Million Dollar Question
laurence.horn at YALE.EDU
Wed May 26 18:27:06 UTC 2010
At 2:10 PM -0400 5/26/10, George Thompson wrote:
>There was a radio show in the 40s called Double or Nothing that was
>based on a quiz, with prizes ascending to $64. The punchline of the
>show seems to have been "are you ready for the $64 question?" I
>don't recall the show at all -- but my mohter would use the
>expression "that's the $64 question", meaning that's the major issue.
Exactly my experience (only with my own mother, not GAT's); I would
have been too young for the radio show, but heard about it from my
parents when I was puzzled by their apparently puzzling habit of
dividing the payoff (in the expression) by 1000.

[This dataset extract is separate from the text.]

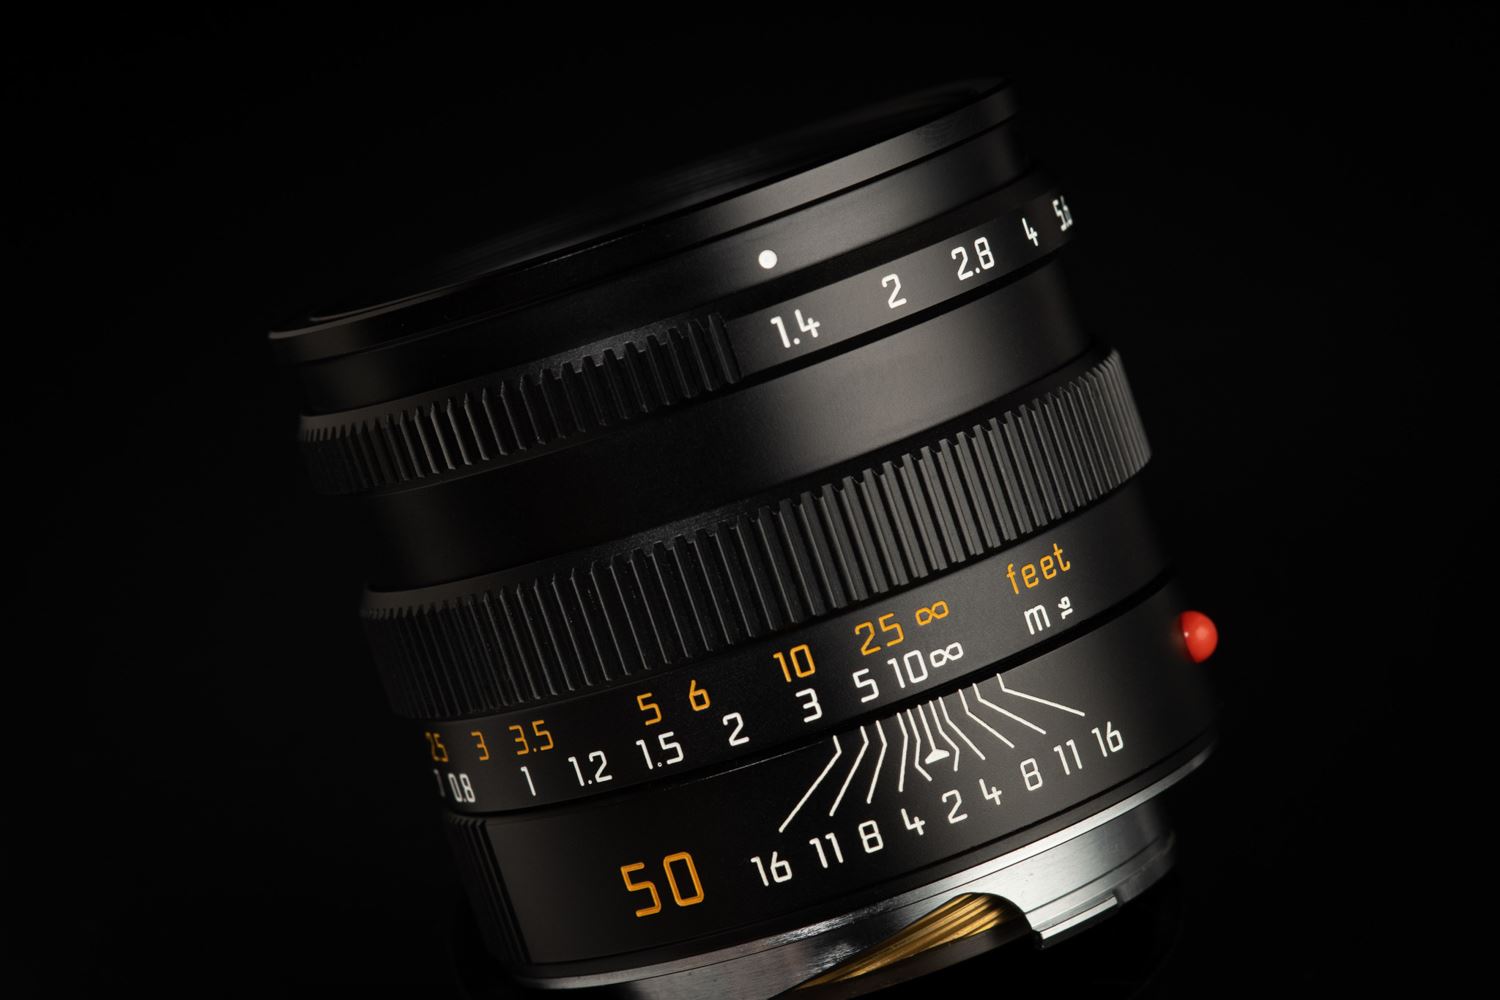 Picture of Leica Summilux-M 50mm f/1.4 Ver.3 Pre-ASPH Black

> The show premiered in 1940, continued through 1954 -- this
>according to On the Air: The Encycl. of Old-Time Radio. It spawned
>a show called "The $64,000 Question", on TV, beginning in 1955 --
>This was the show that sent xxx Van Doren* into a mire of infamy,
>when it was revealed that he had been fed the answers to the $64,000
>question. As I recall, some of our more useless politicians raced
>to the scene, holding hearings and proposing to make it a federal
>offense to rig TV game shows. Fortunately, the country had no
>problems at the time, only segregation and a few other matters, and
>so Congress was free to deal with this crisis.
>* I forget his name: Charles, Jr.? He was the son of either Charles
>or Mark, noted men of letters of the era.
Charles Van Doren; Mark was his father. Both were noted men of
letters. The show was "21", hosted by Jack Barry. That was actually
the one mired in scandal, although as I recall "The $64,000 question"
and I think other quiz shows were all either implicated or suffered
from guilt by association and cancelled around the same time. It's
"21" that the (quite good) movie "Quiz Show" was based on.